*COLLECTED MATERIAL*:
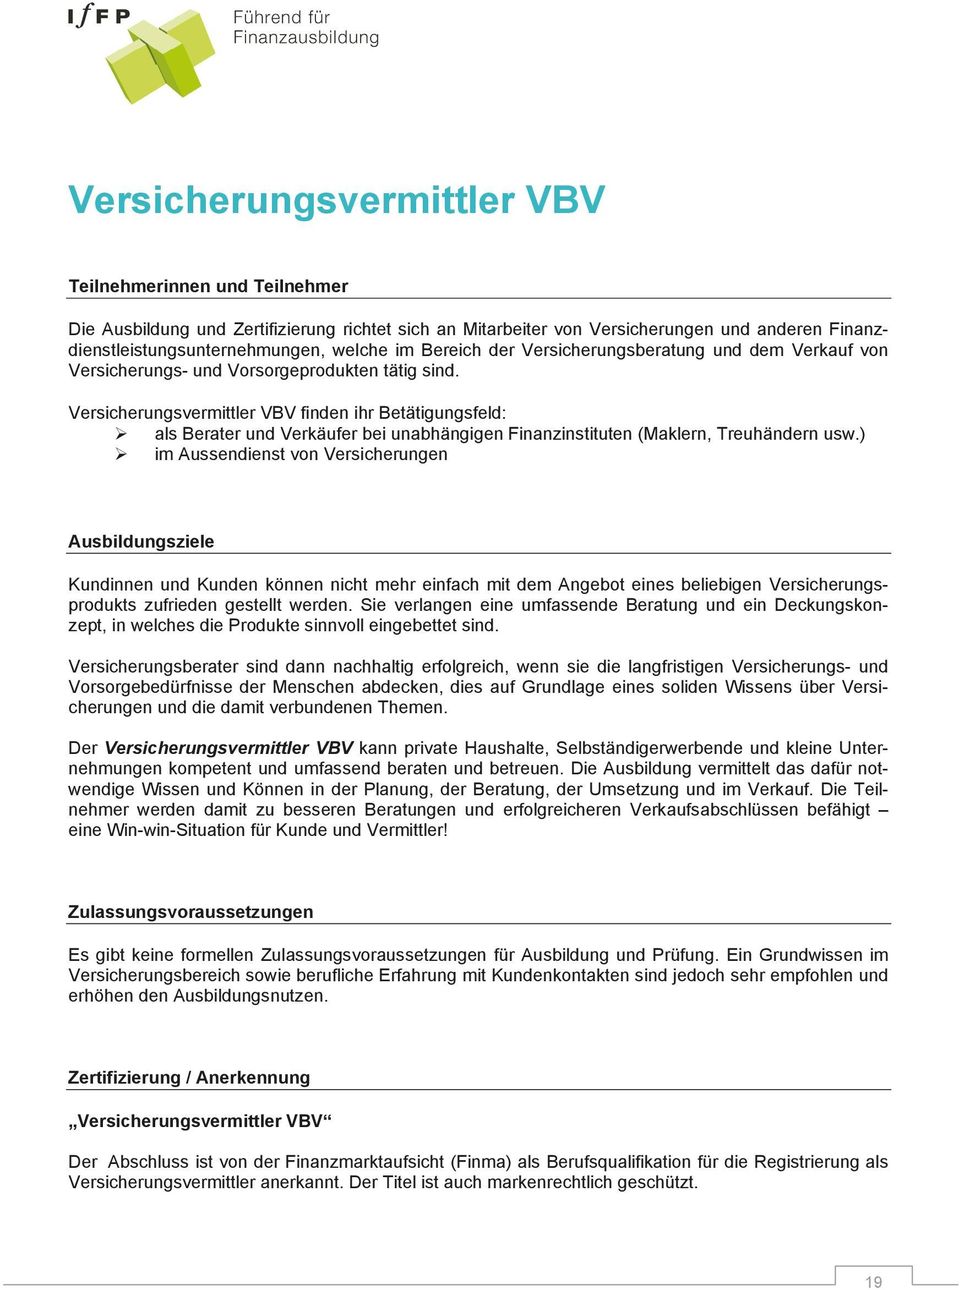 Versicherungsvermittler VBV finden ihr Betätigungsfeld: als Berater und Verkäufer bei unabhängigen Finanzinstituten (Maklern, Treuhändern usw.
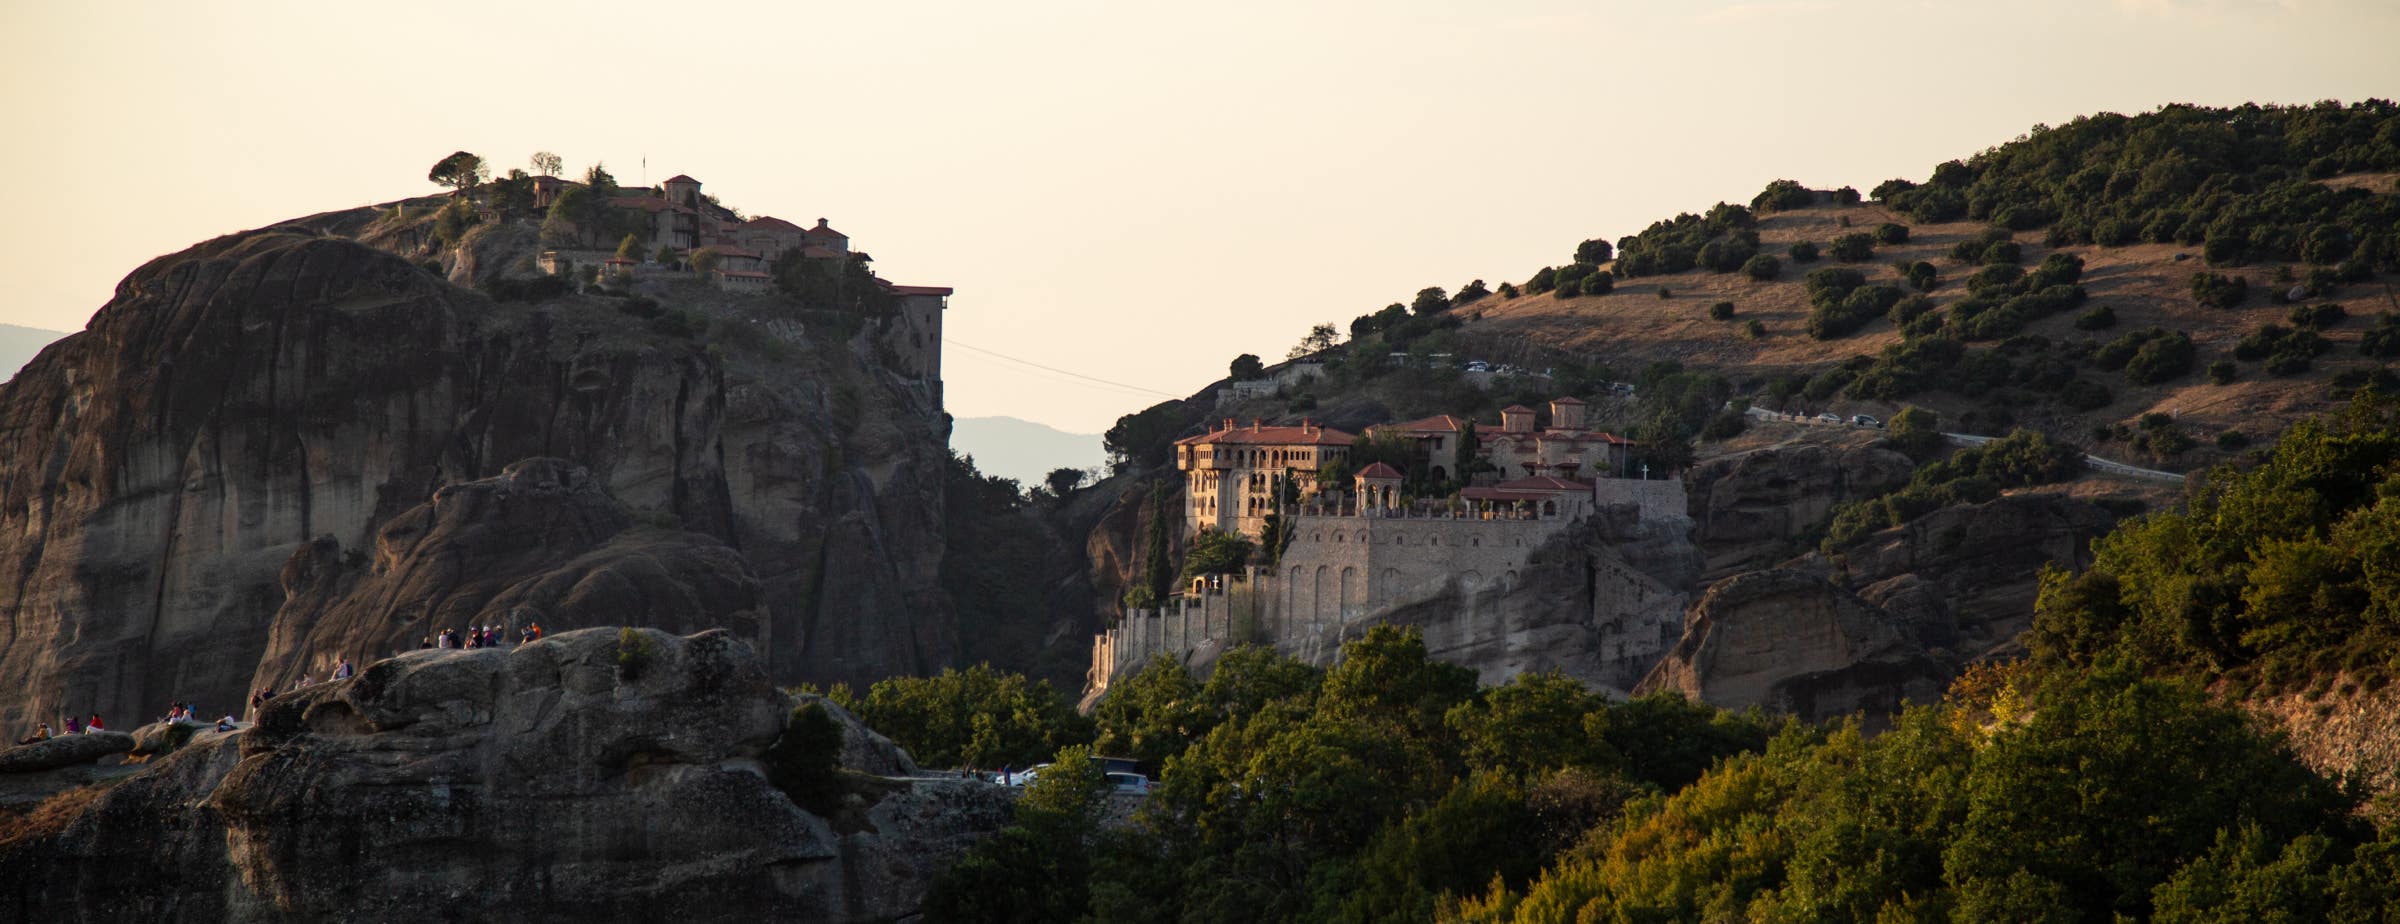 Das Bild zeigt einen Blick auf die Felsen und zwei Klöster von Meteora. Das linke Kloster sitzt auf einem Felsen und das rechte Kloster ist auf Felsen an der Seite eines größeren Hügels gebaut.
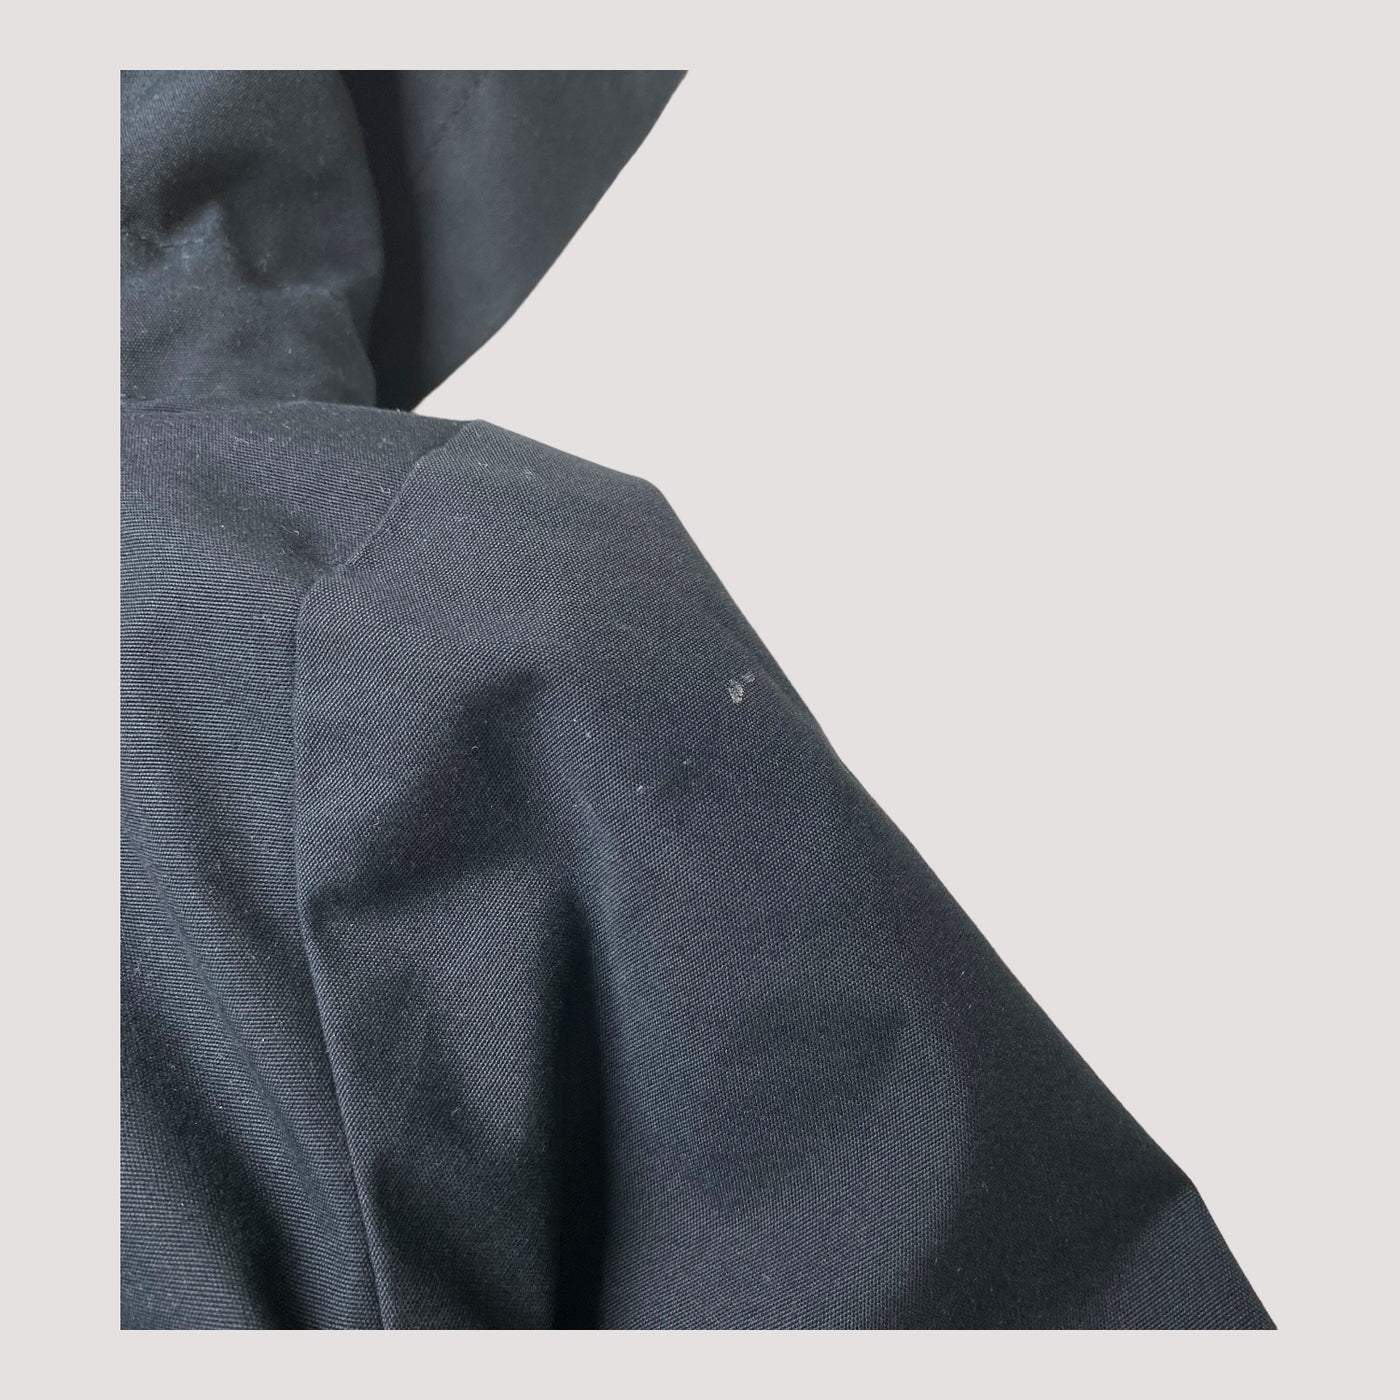 Mini Rodini pico jacket, black | 80/86cm

*TASK*: Transcribe all of the material exactly, leaving out whatever pictures it contains.

*WRITTEN ANSWER*:
 Versicherungsvermittler VBV finden ihr Betätigungsfeld: als Berater und Verkäufer bei unabhängigen Finanzinstituten (Maklern, Treuhändern usw.
 Das Bild zeigt einen Blick auf die Felsen und zwei Klöster von Meteora. Das linke Kloster sitzt auf einem Felsen und das rechte Kloster ist auf Felsen an der Seite eines größeren Hügels gebaut.
 Mini Rodini pico jacket, black | 80/86cm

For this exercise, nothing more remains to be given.